# Materials provided
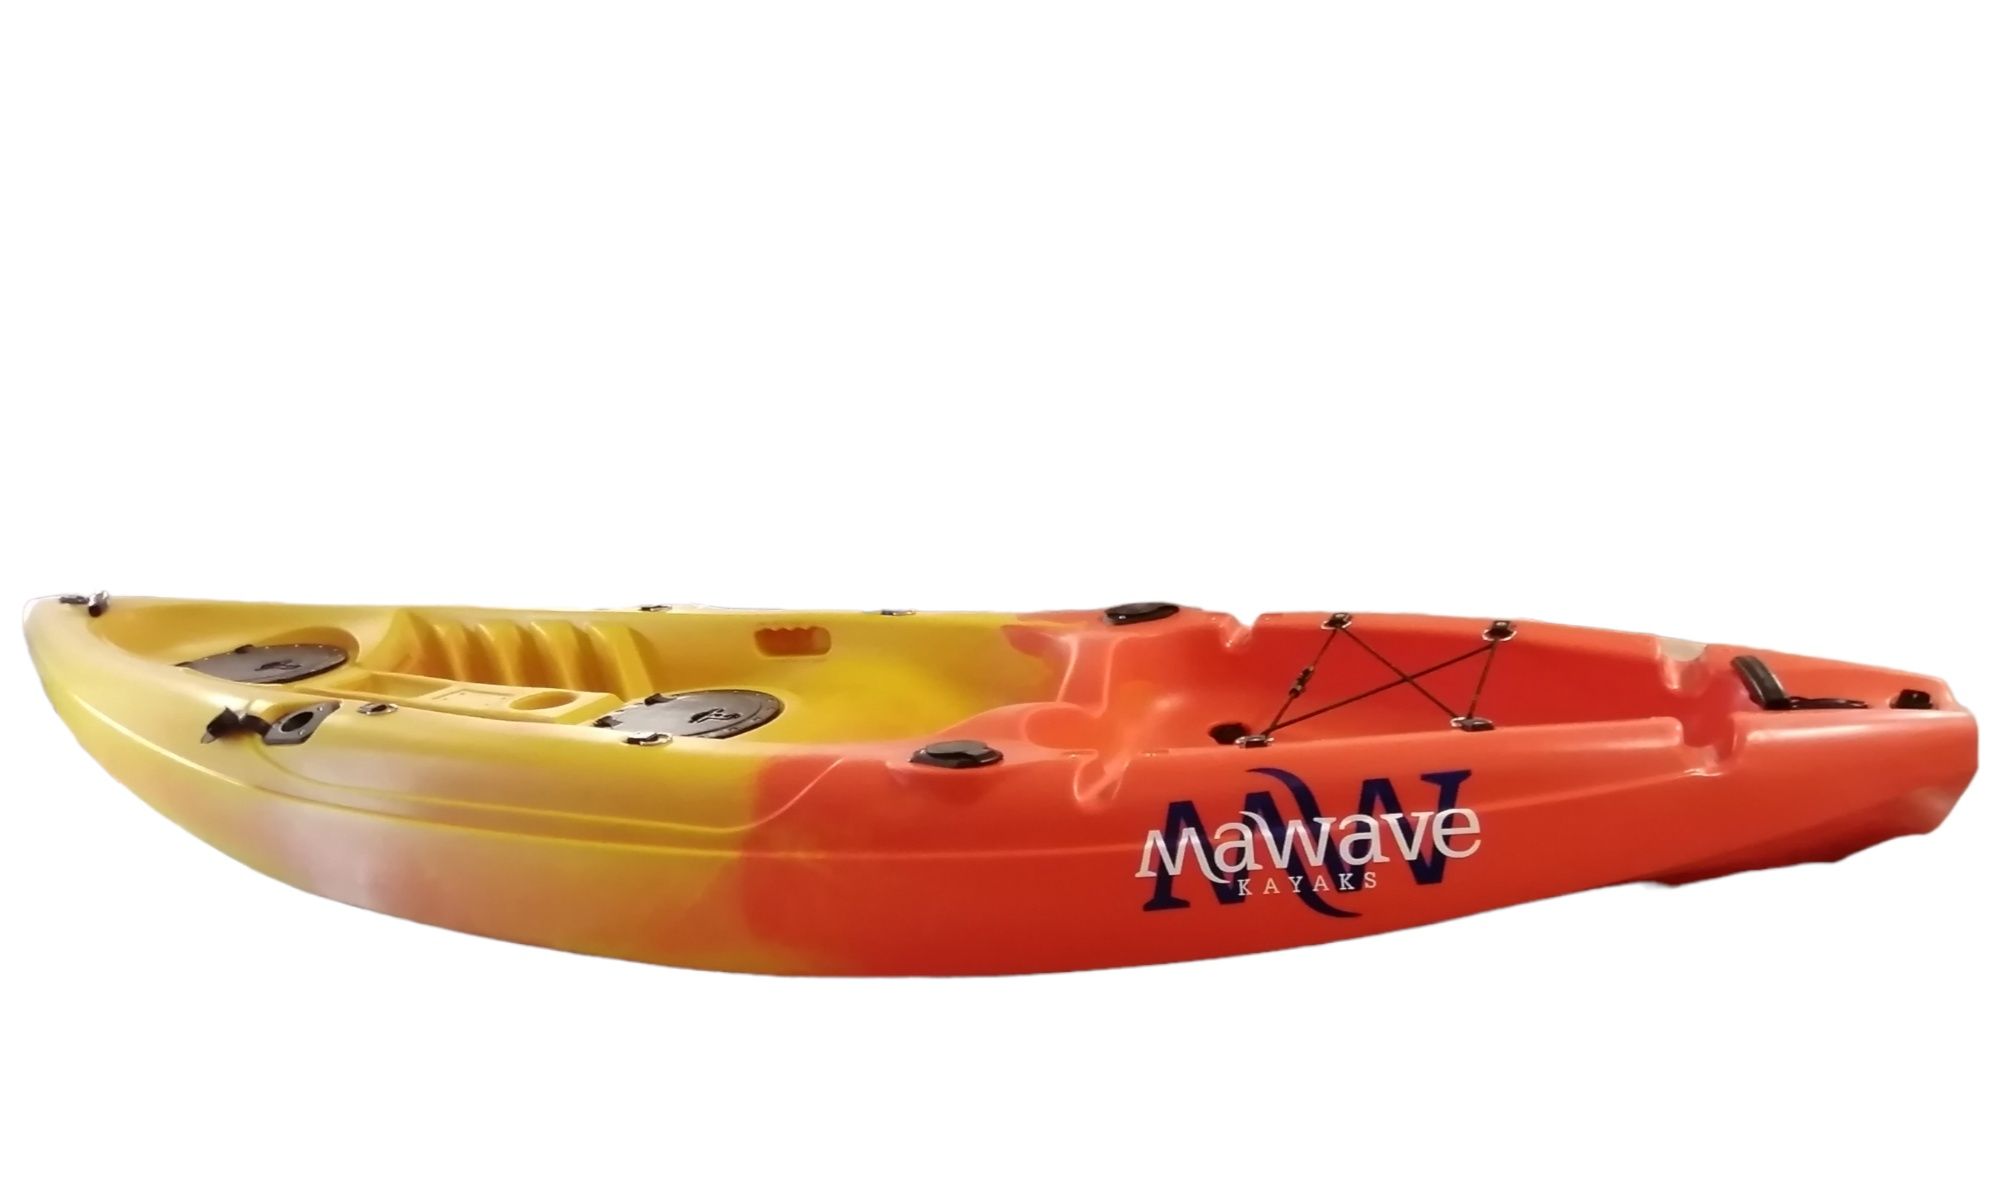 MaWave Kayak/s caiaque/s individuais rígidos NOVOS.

...

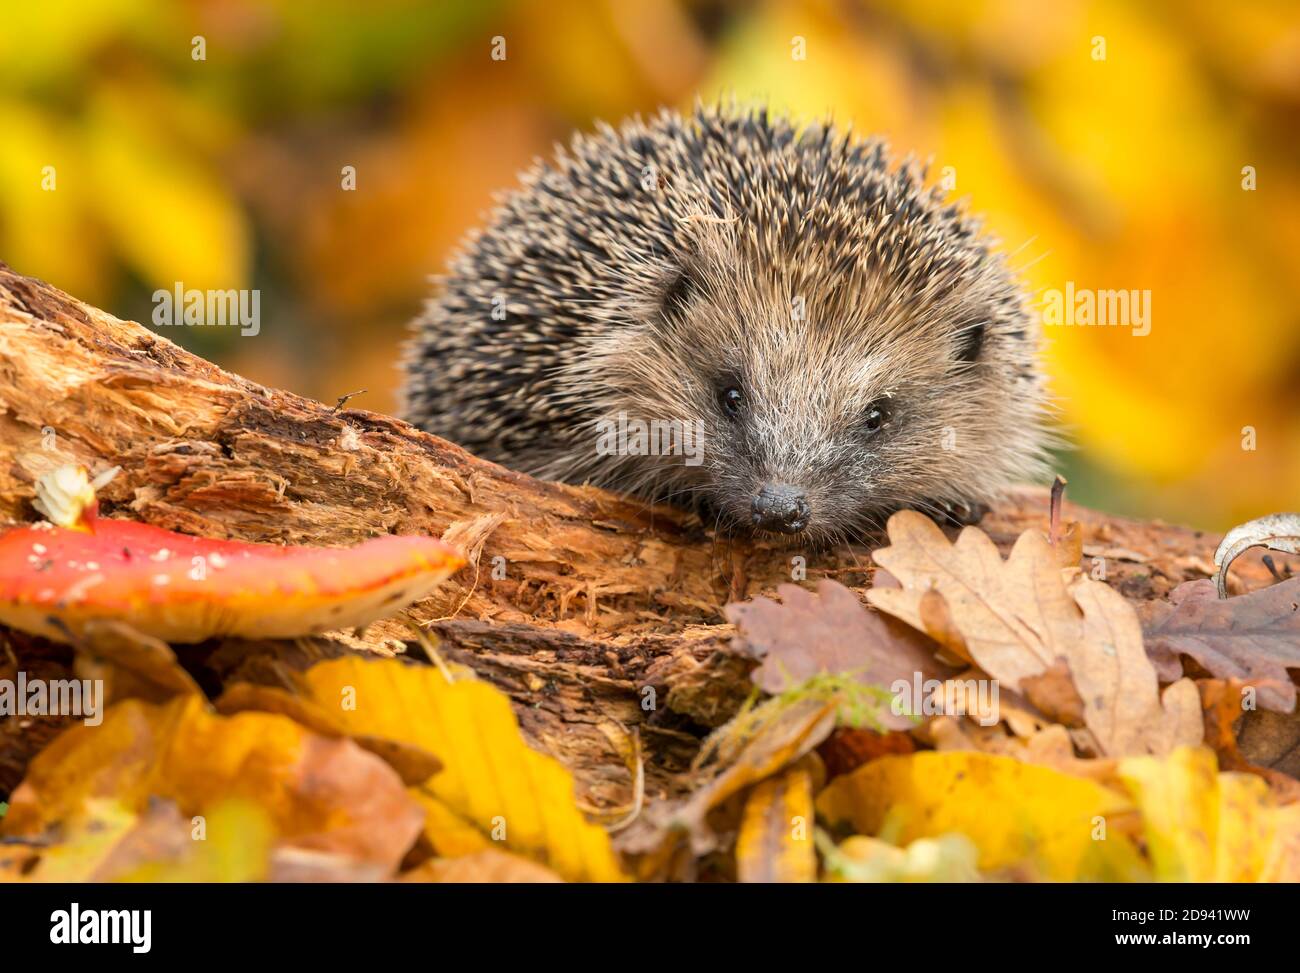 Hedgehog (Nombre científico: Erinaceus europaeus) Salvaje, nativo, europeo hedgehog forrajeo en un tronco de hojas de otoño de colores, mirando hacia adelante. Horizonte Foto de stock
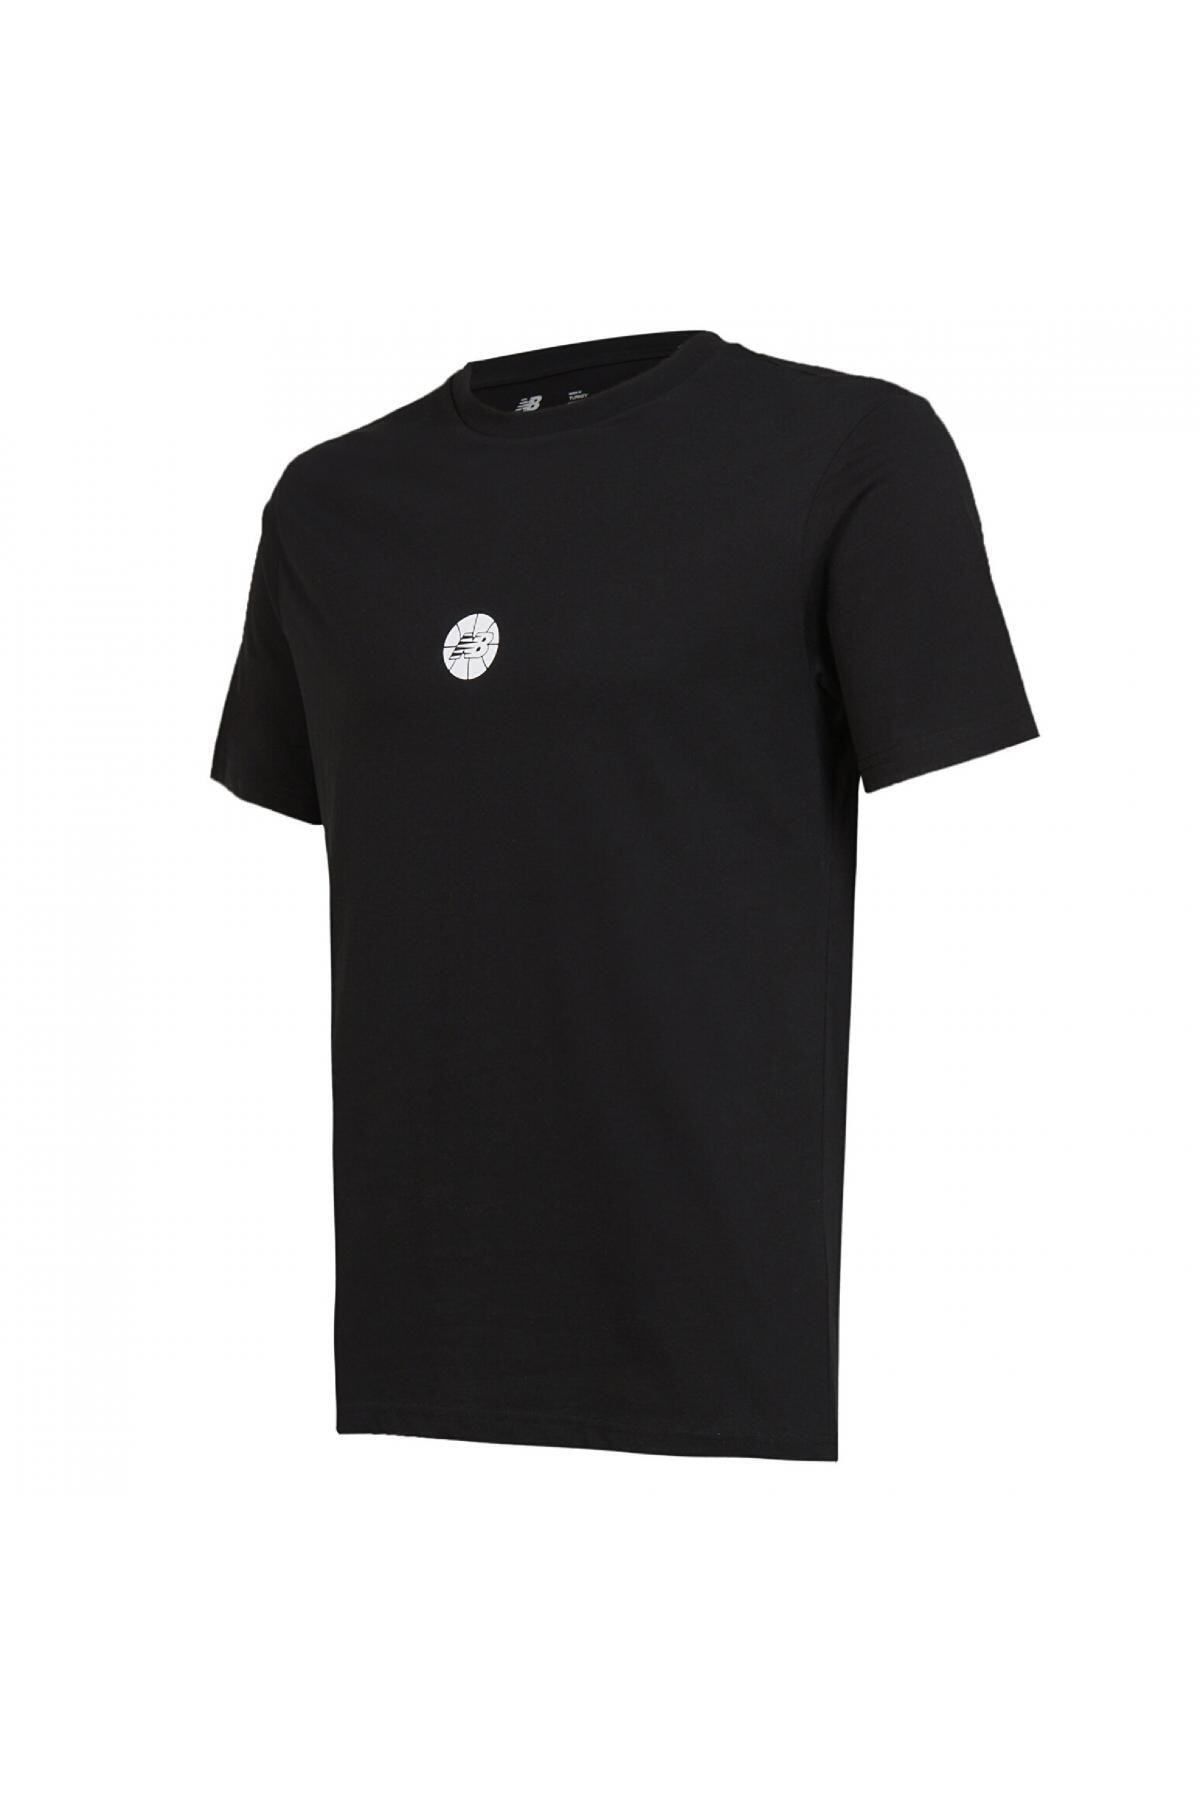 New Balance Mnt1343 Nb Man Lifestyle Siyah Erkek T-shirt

# Aim of the exercise
Look above for the line containing "Hedgehog (Nombre científico: Erinaceus", then copy exactly from it through the line containing "New Balance Mnt1343", keeping both and leaving out pictures. Add nothing else.

# Solution to this task
 Hedgehog (Nombre científico: Erinaceus europaeus) Salvaje, nativo, europeo hedgehog forrajeo en un tronco de hojas de otoño de colores, mirando hacia adelante. Horizonte Foto de stock
 New Balance Mnt1343 Nb Man Lifestyle Siyah Erkek T-shirt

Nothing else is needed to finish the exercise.